If you're calling them poor because they didn't have as much as the colonists, and that was bad, then perhaps income and wealth inequality today is just as problematic.
Yes. America had no empire. Except for the giant land empire that was, and is, America. Or does invading and occupying thousands of square miles of land, annihilating entire nations, and enslaving and slaughtering the natives, a process that was still very much ongoing between 1860 and 1890 not count as empire building?
You’re absolutely correct. The UK built an empire because it industrialized early and had the money and technology to do so. But the empire isn’t what made it rich in the first place.
50% wage growth over fifty years whilst Britain’s running the largest empire in history? Compare that to the United States over the same period. The US saw 60% real wage growth from 1860-1890 with no empire whatsoever. If imperial profits were trickling down, you’d expect Britain to outpace non-imperial industrialising nations. It didn’t, if anything it was worse.

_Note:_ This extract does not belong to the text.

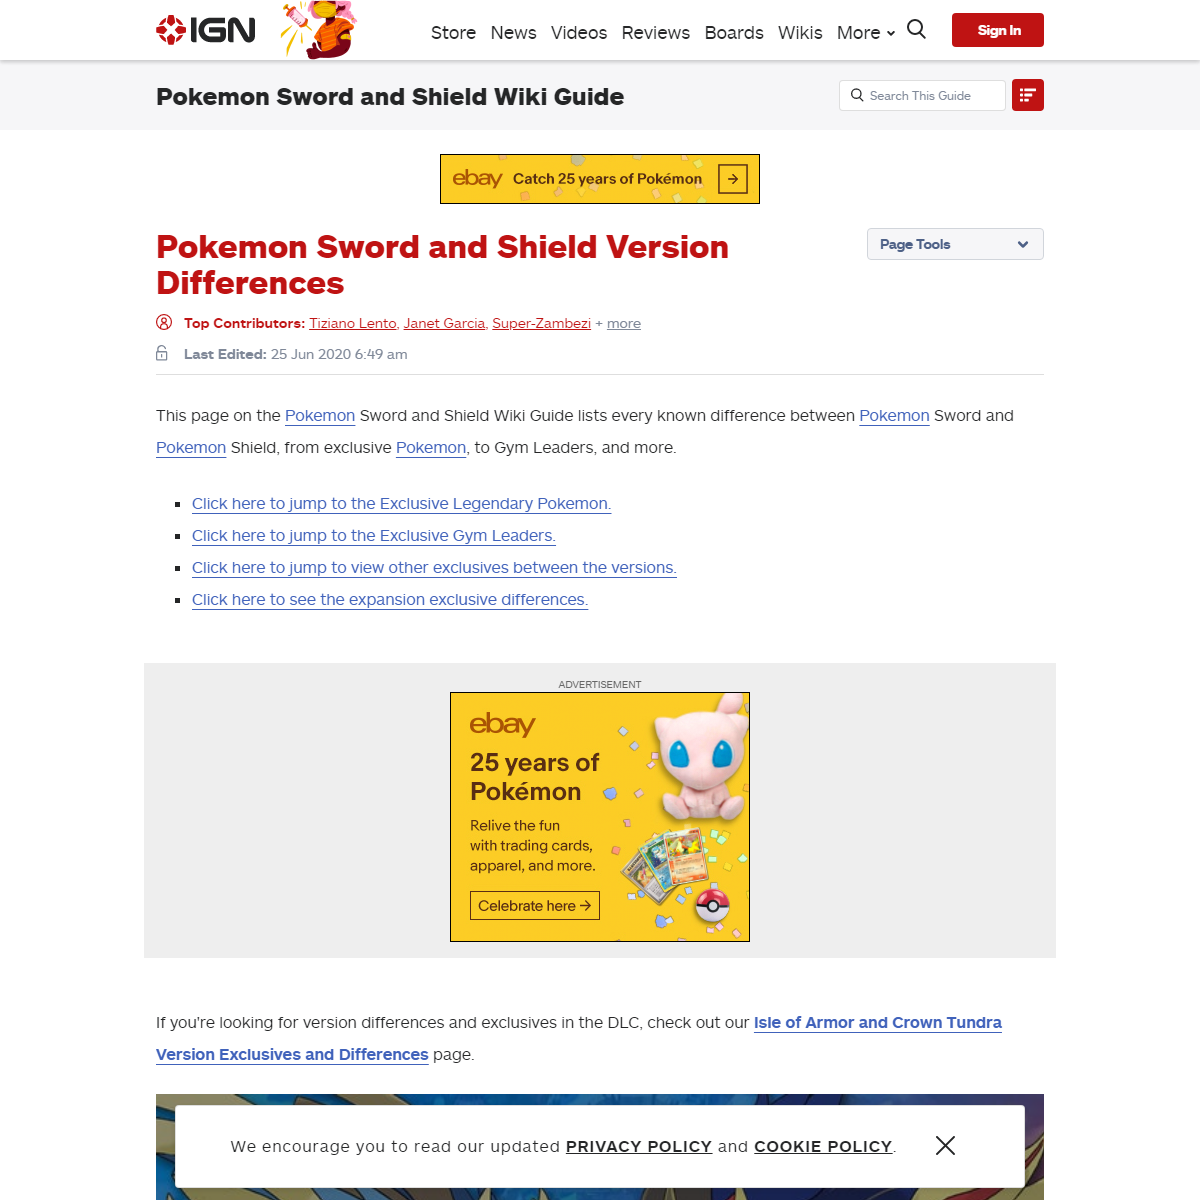 A complete backup of https://www.ign.com/wikis/pokemon-sword-shield/Pokemon_Sword_and_Shield_Version_Differences

The literacy and life expectancy gains you’re citing came from industrialisation and public health reforms, not imperial dividends. Meanwhile the landed gentry who actually controlled the imperial trade were getting obscenely wealthy.
Life expectancy of 50 in 1900 still meant working-class Londoners in overcrowded tenements with open sewers, whilst their supposed countrymen lived in townhouses with servants. The Victorian poor saw industrial revolution gains, not imperial ones.